Columna de Gonzalo Blumel: Piñera en tres momentos
Conocí a Sebastián Piñera el 2009, en el marco de su campaña presidencial. Colaboré en la elaboración de su programa de medioambiente, como cientos de profesionales que participaron en los Grupos Tantauco. Tenía 30 años y venía recién llegando de un posgrado en el extranjero.
Reconozco que, como se ha dicho tantas veces, me impresionó su velocidad mental y capacidad de trabajo. Sabía de todo, dominaba los datos con rigor y trabajaba, literalmente, de sol a sol. Sin feriados ni festivos. Me pidió estudiar en detalle los costos y plazos de uno de sus proyectos estrella: Un chileno, un árbol. “No basta con que la idea sea buena, también tiene que poder hacerse”, me dijo.
Con los años, no obstante, aprendí a conocer otras facetas de su liderazgo que me marcaron. Durante una década trabajando a su lado, en diversas posiciones, pude apreciar algunas cualidades que, creo, explican la forma en que ha crecido su figura con el tiempo.

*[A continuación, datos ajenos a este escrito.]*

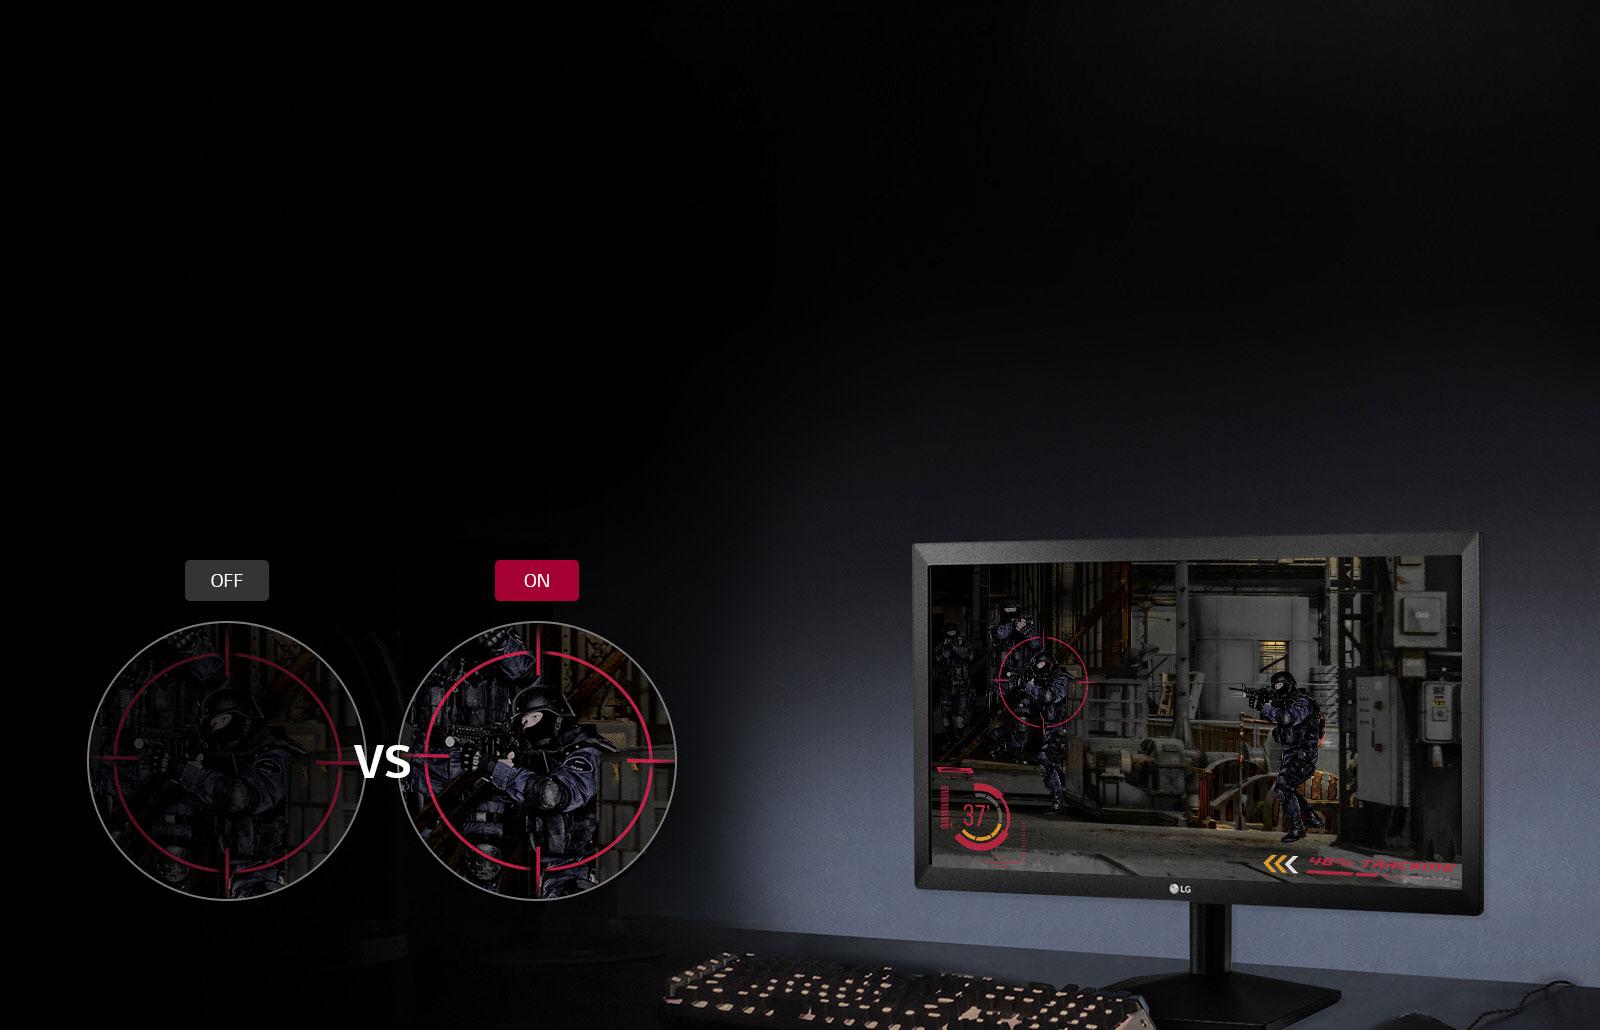 🦂 MONITOR LG FHD 22 PULGADAS ⚡ - productos-nuevos, pantallas, asys-computadores-asyscom - Global 20MK400 2018 Feature 04 BlackStabilizer D V1

La primera es el coraje con que enfrentaba las dificultades. Sobran los ejemplos. El caso más emblemático fue el rescate de los mineros. Recuerdo una reunión en La Moneda en agosto de 2011, el viernes previo a que los encontraran. En ese entonces, yo dirigía la División de Estudios de la Segpres, donde solíamos organizar encuentros con analistas y expertos en comunicaciones para comentar la contingencia, observaciones que luego reportábamos al Mandatario. En dicha reunión, unánimemente nos recomendaron terminar la búsqueda. “Se van a desangrar políticamente”, afirmó uno de los invitados. “Es puro costo”, señaló otro. Incluso, alguien propuso realizar unas exequias simbólicas. Por supuesto, Piñera no tomó en cuenta ninguna de esas opiniones y, 48 horas después, los benditos sondajes dieron con los mineros. El rescate fue una fiesta que se volvió un hito mundial.
La segunda era su profundo sentido del deber. En mi memoria quedó grabada una conversación que sostuvimos en Paracas, Perú, en diciembre de 2016, adonde había sido invitado a un foro empresarial. Venía en un gran momento: Chile Vamos había ganado las municipales y él lideraba cómodamente en las encuestas. Era un hecho que si se presentaba obtendría un segundo mandato. Pese a ello, no daba ninguna señal en relación a la presidencial. Ni siquiera a quienes éramos sus más cercanos. En un instante dado, tarde en la noche y de regreso al hotel, me animé a preguntarle si se lanzaría. “Si dependiese solo de mí, por ningún motivo”, me respondió tajante. Argumentó que la política se había vuelto en extremo odiosa y virulenta. “Ya no hay grandeza, capacidad de diálogo ni buena voluntad”.
Me quedé helado. El país atravesaba años difíciles -eran tiempos de retroexcavadoras y de quitar patines-, y no podía creer que nuestro principal líder pudiese restarse teniendo la primera opción de cambiar el curso de las cosas. Sin embargo, apenas regresamos a Santiago, nos pusimos a preparar su programa de gobierno, como si nada, aun sabiendo que podía venir una tormenta. Esquivar el bulto no iba con su forma de ser.
La tercera era la prudencia con que abordaba los temas más complejos. Siempre evaluaba beneficios y costos, anticipaba escenarios y medía riesgos. Así fue la noche del 12 de noviembre de 2019, cuando arreciaba la violencia en las calles. Muchos le recomendaban optar por la fuerza militar antes que buscar una salida política. La historia es conocida. Se encerró en su oficina y, finalmente, optó por el segundo camino. Sabía que propiciar un enfrentamiento entre compatriotas podía tener consecuencias trágicas para el país. Por lo mismo, valía la pena insistir en un acuerdo, aunque las chances fueran mínimas. Finalmente se alcanzó. La decisión tuvo un alto costo entre los propios. Aquello no le fue indiferente, pero lo aceptó con asombrosa tranquilidad.
El tiempo, qué duda cabe, le terminó dando la razón.